Supplied data section start
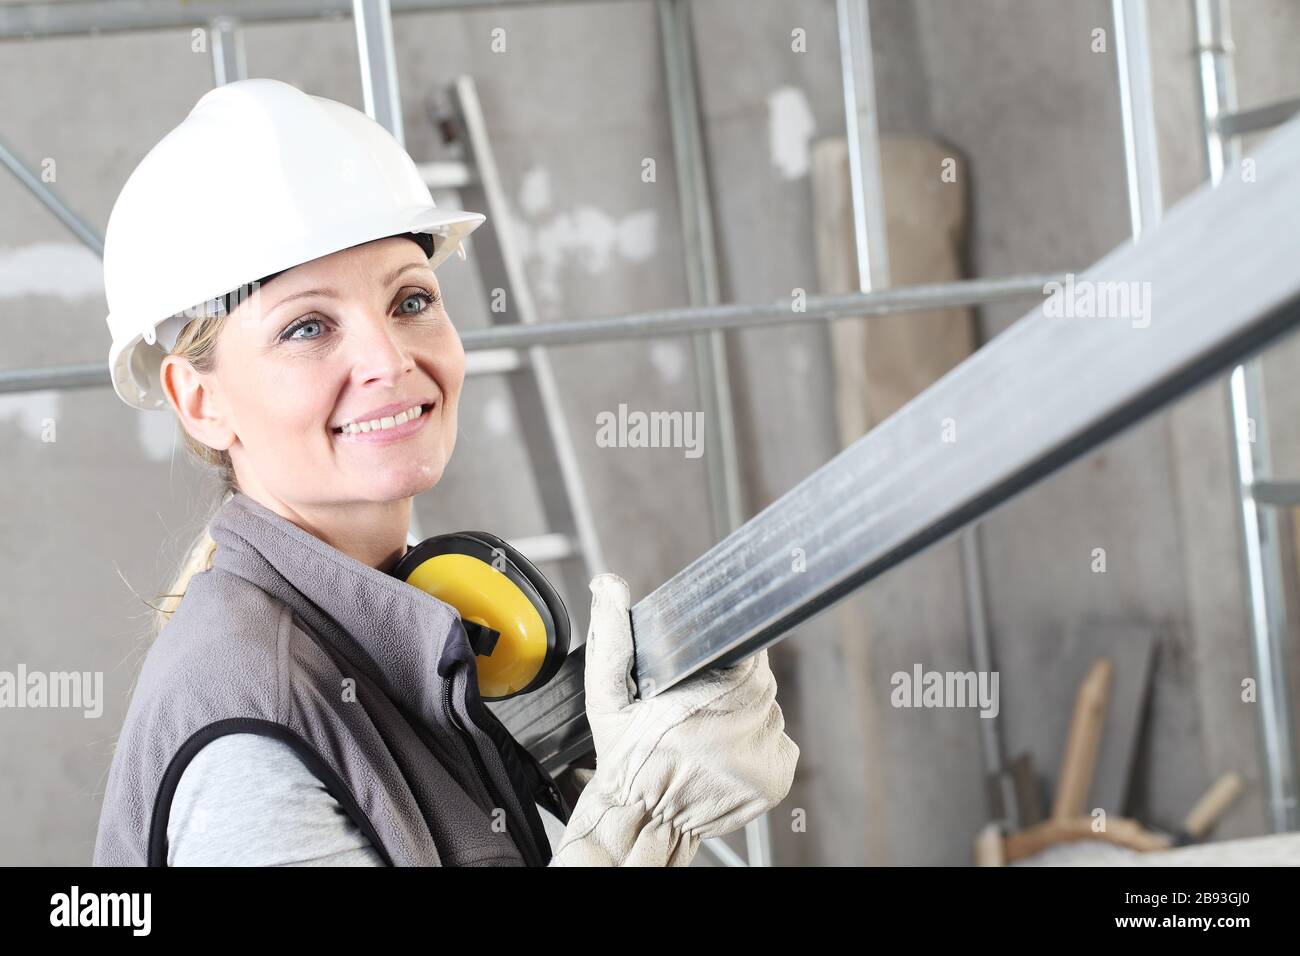 smiling woman construction worker builder portrait wearing white helmet and hearing protection headphones, holding a metal stud for drywall on interio Stock Photo
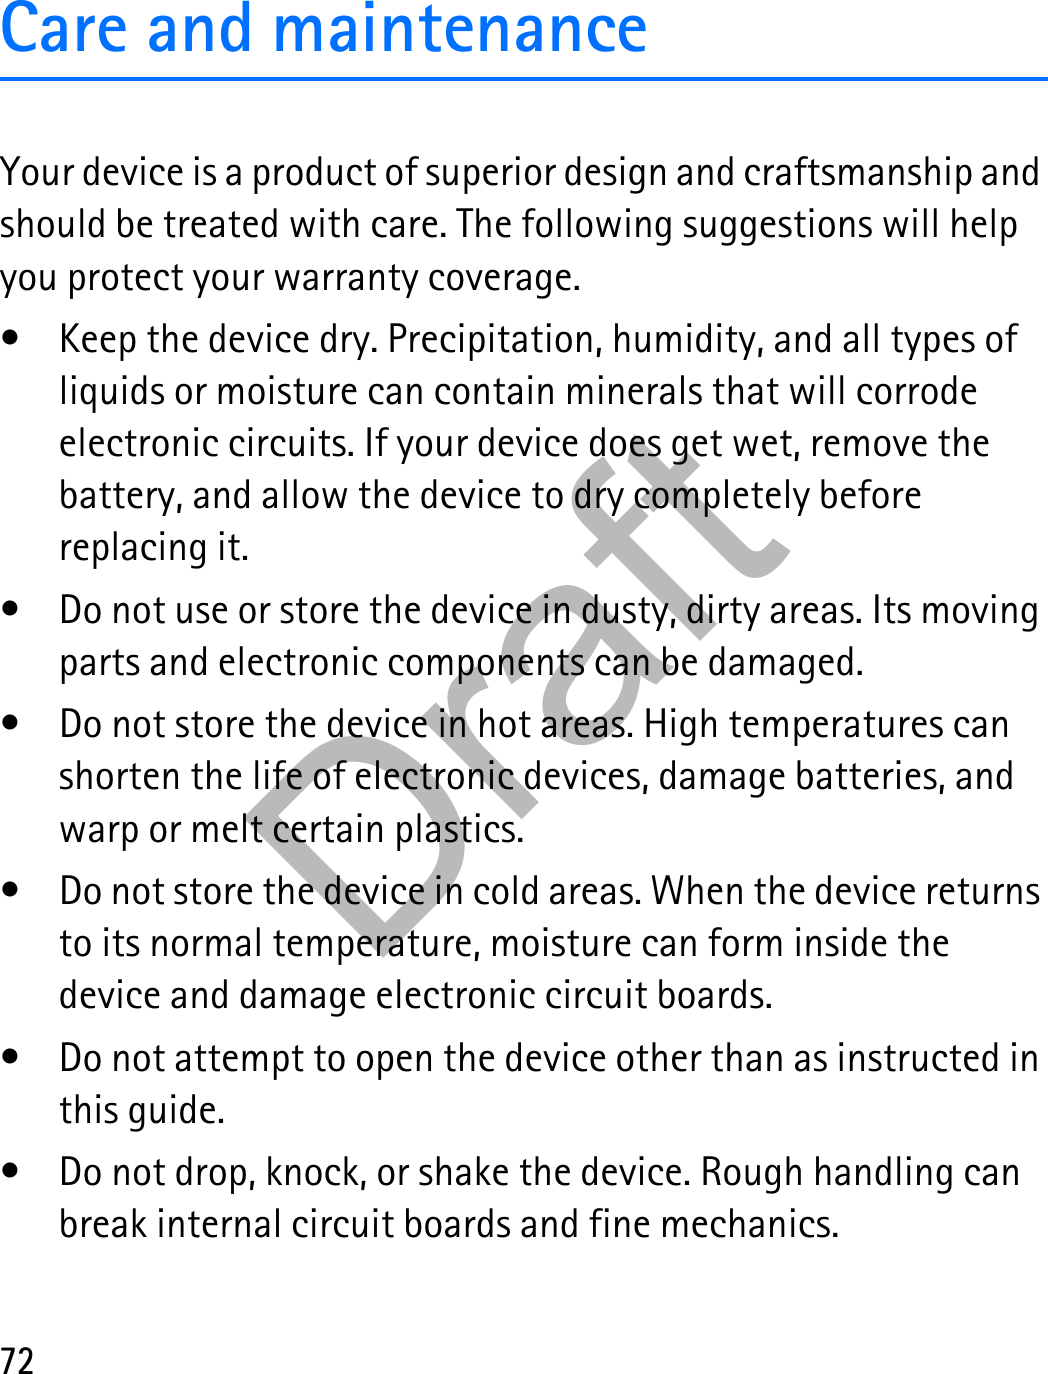 72Care and maintenanceYour device is a product of superior design and craftsmanship and should be treated with care. The following suggestions will help you protect your warranty coverage.• Keep the device dry. Precipitation, humidity, and all types of liquids or moisture can contain minerals that will corrode electronic circuits. If your device does get wet, remove the battery, and allow the device to dry completely before replacing it.• Do not use or store the device in dusty, dirty areas. Its moving parts and electronic components can be damaged.• Do not store the device in hot areas. High temperatures can shorten the life of electronic devices, damage batteries, and warp or melt certain plastics.• Do not store the device in cold areas. When the device returns to its normal temperature, moisture can form inside the device and damage electronic circuit boards.• Do not attempt to open the device other than as instructed in this guide.• Do not drop, knock, or shake the device. Rough handling can break internal circuit boards and fine mechanics.Draft
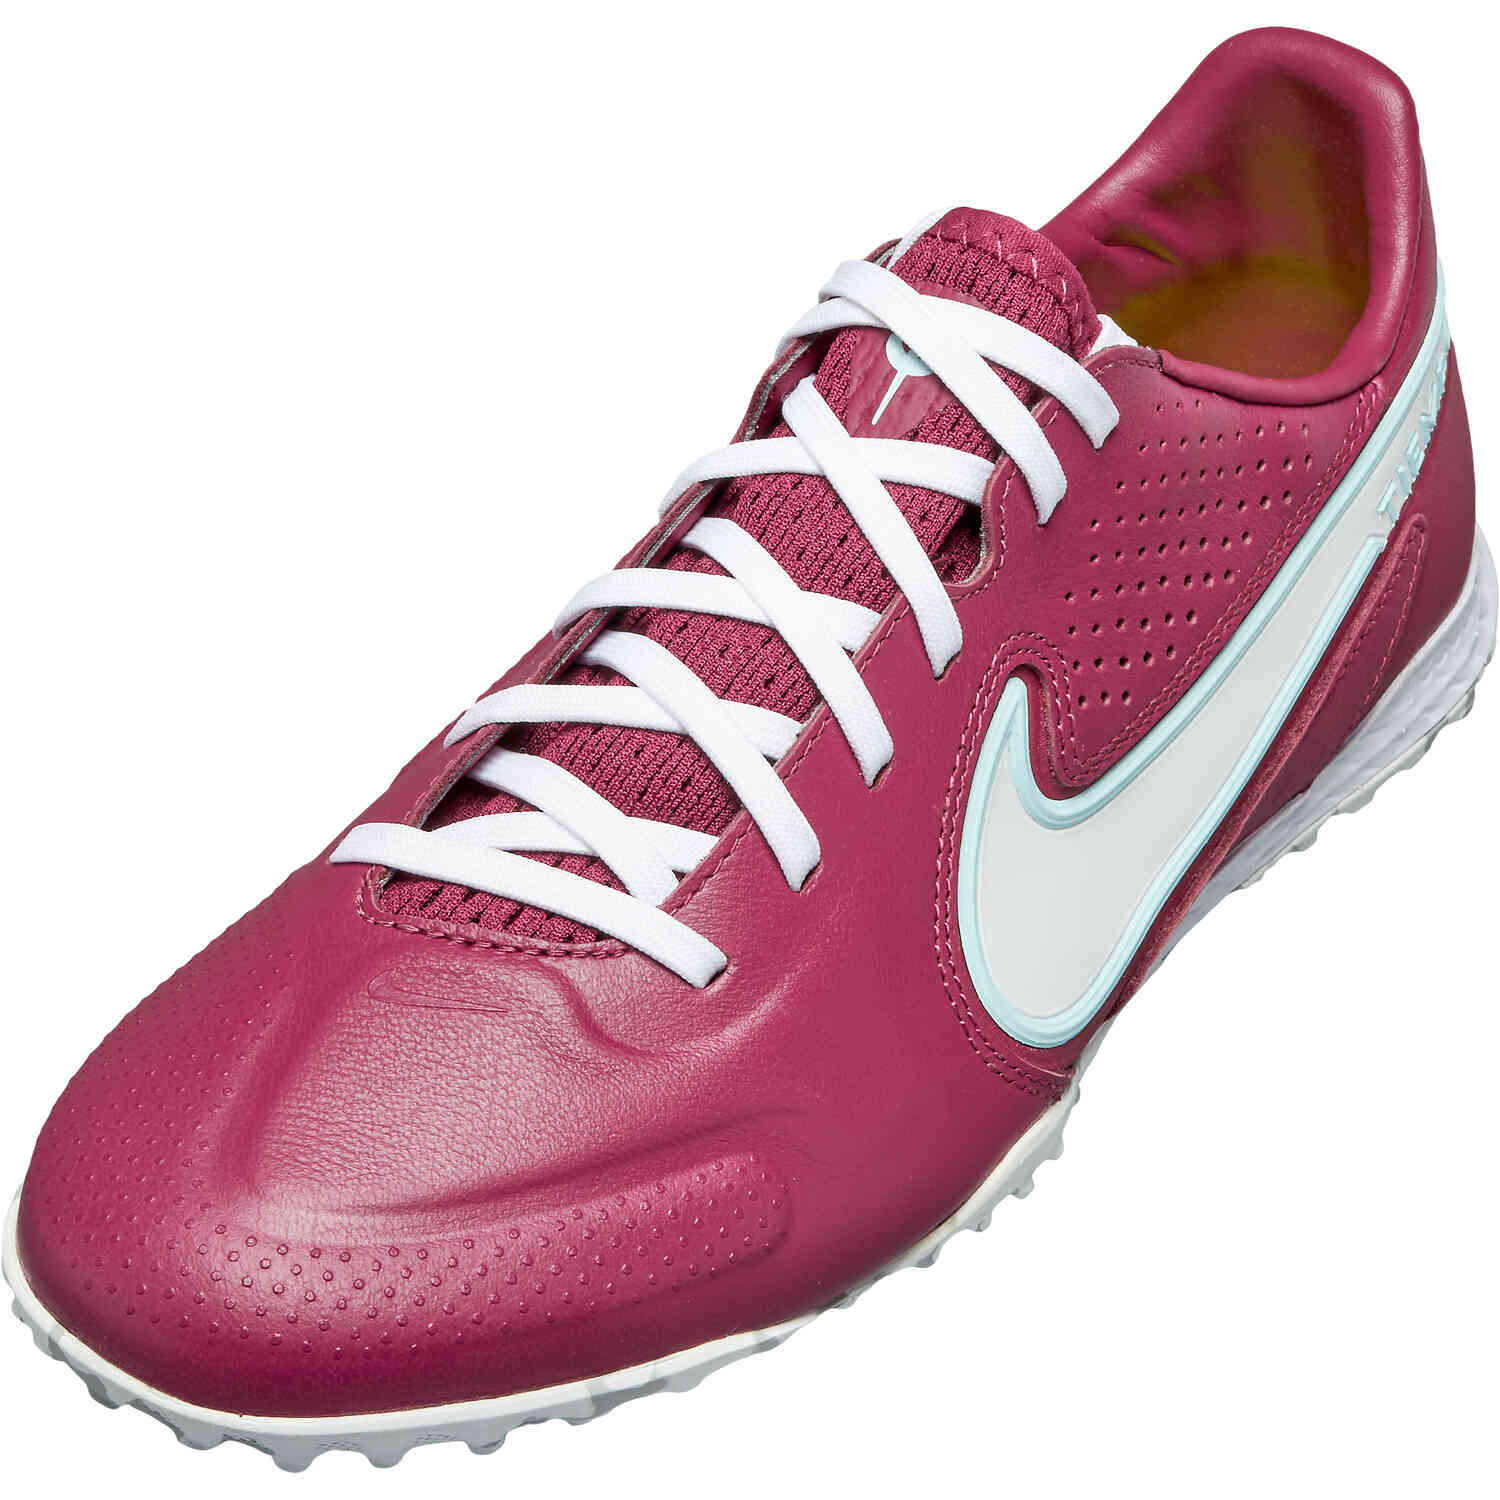 Tiempo Legend 9 TF - Rosewood & with Glacier Blue with Pink - SoccerPro
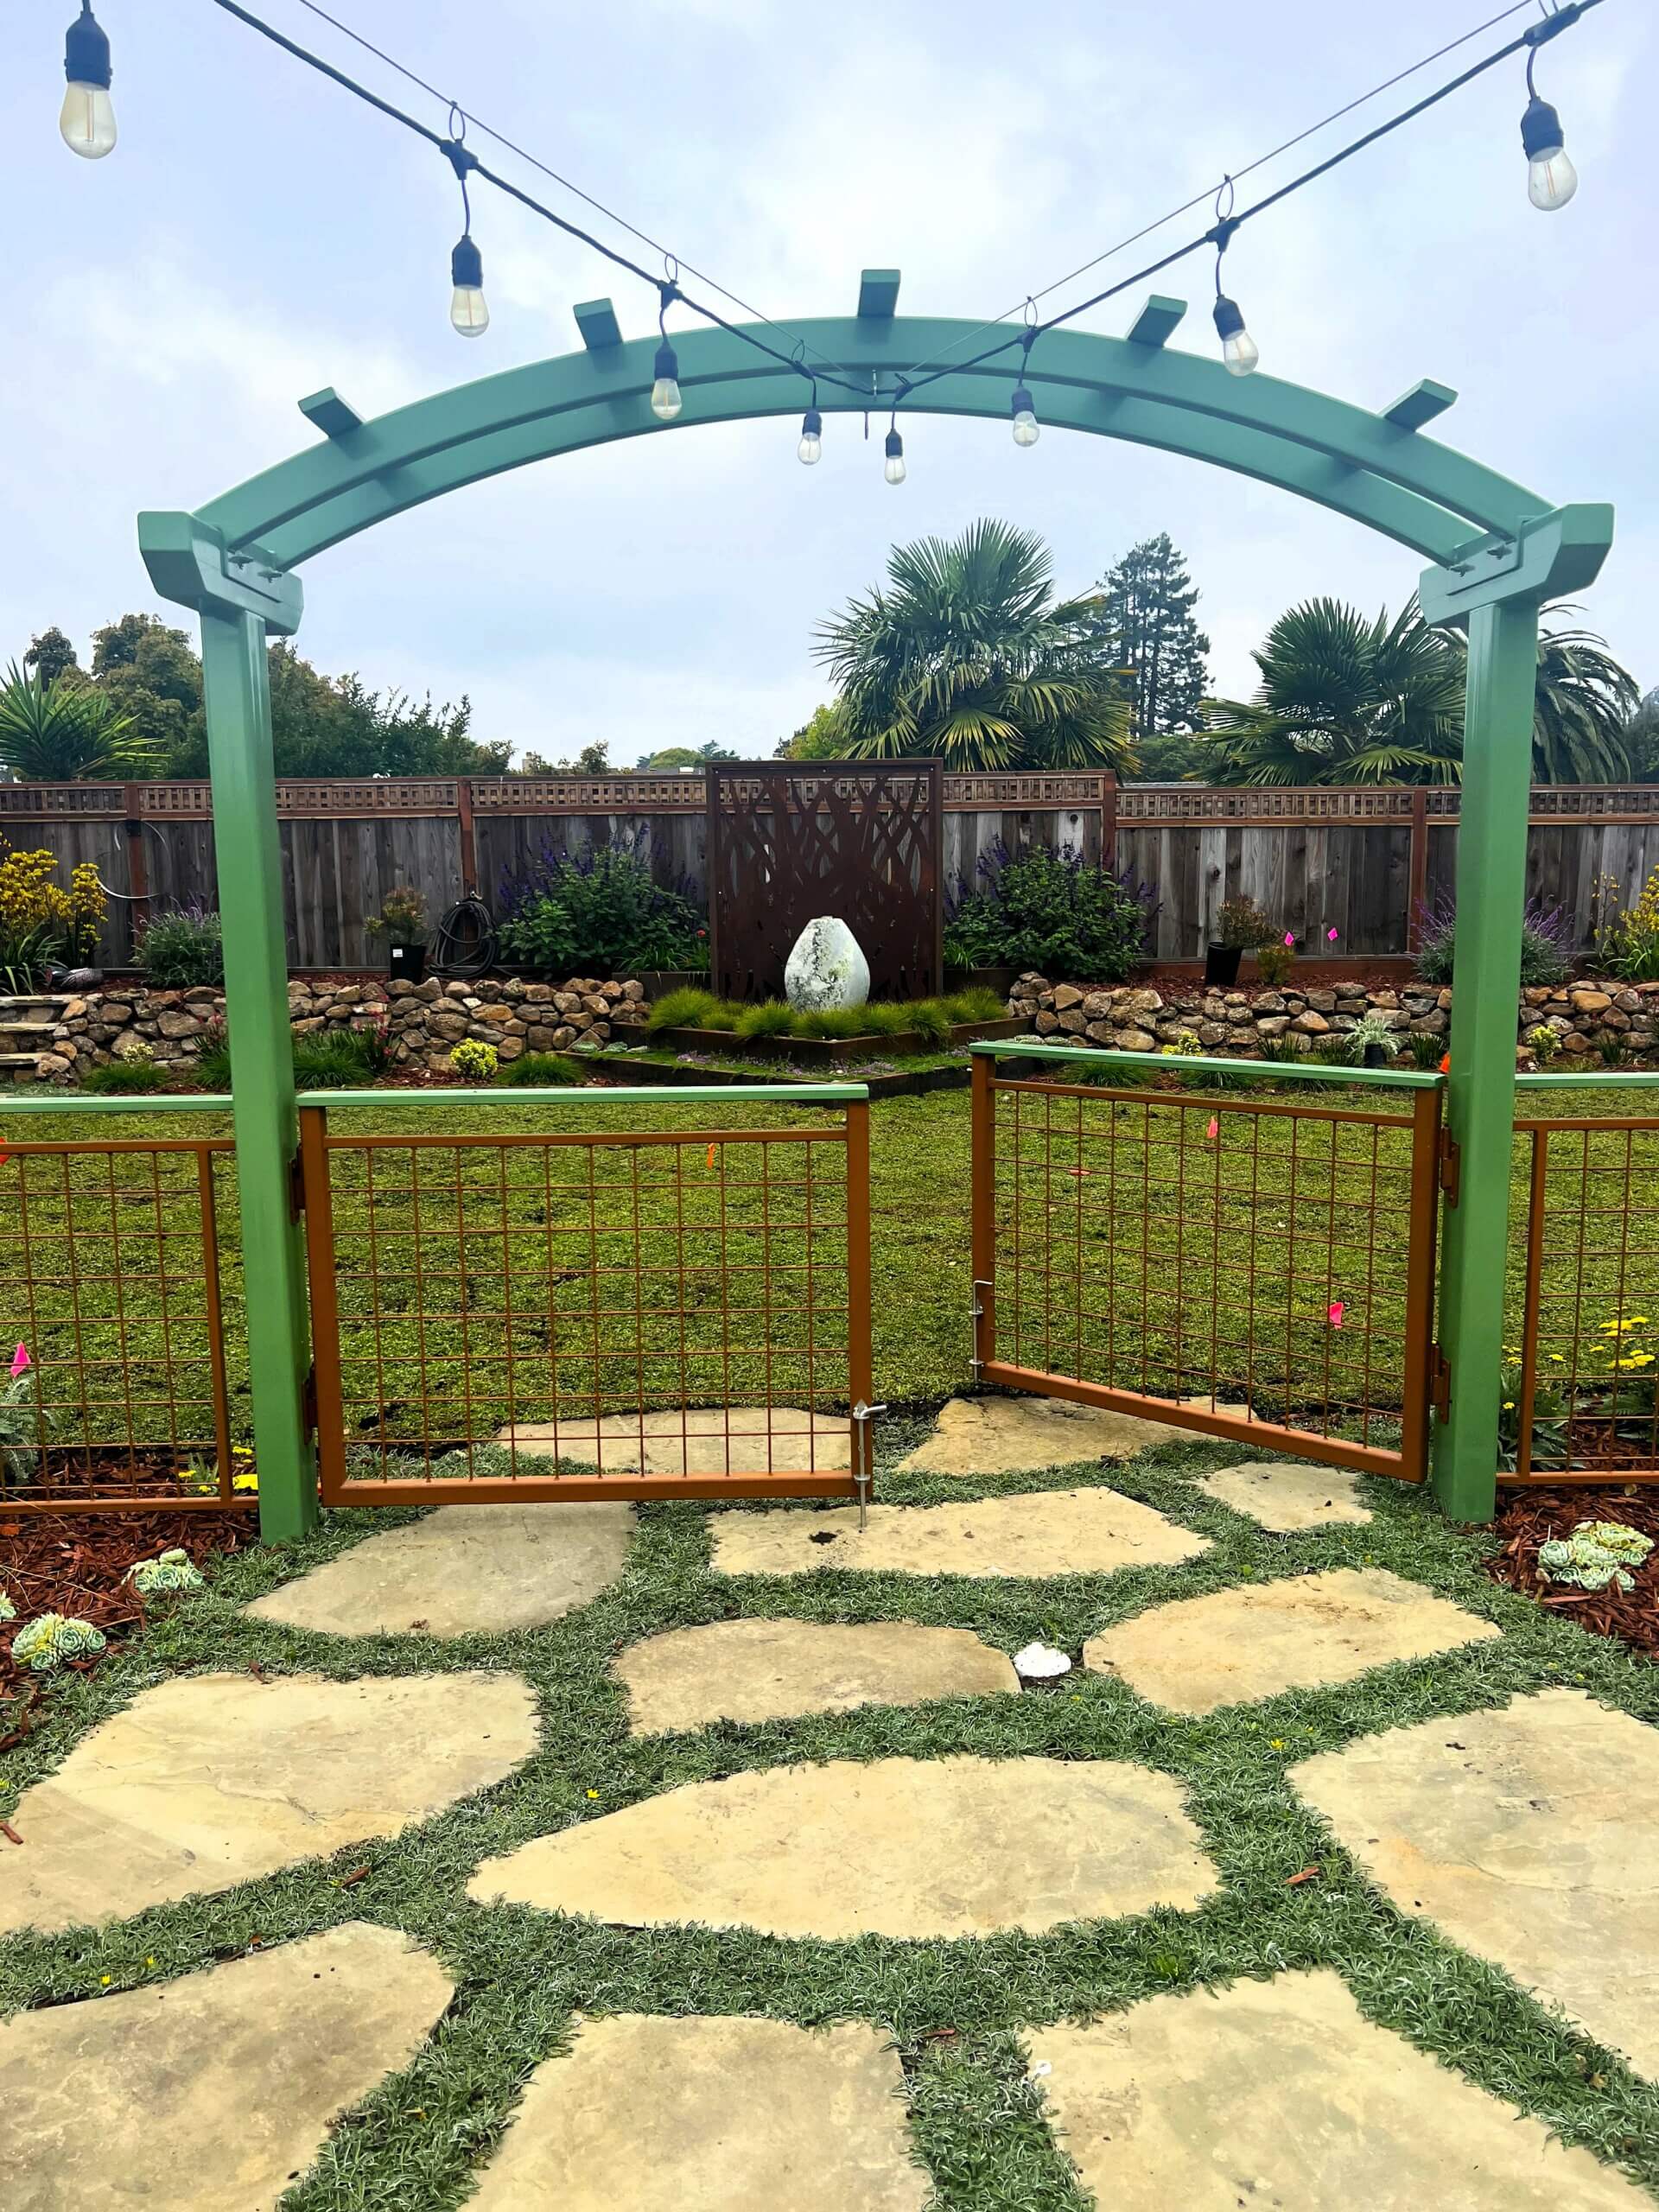 Green arbor with powder coat metal fence painted in green accents
Supplied data section end
◆ **Exercise objective**
Leave the pictures aside. Set down exactly the lines from the one with "Tiempo Legend 9" through the final line of the listing above.

◆ **Output**
 Tiempo Legend 9 TF - Rosewood & with Glacier Blue with Pink - SoccerPro
 Green arbor with powder coat metal fence painted in green accents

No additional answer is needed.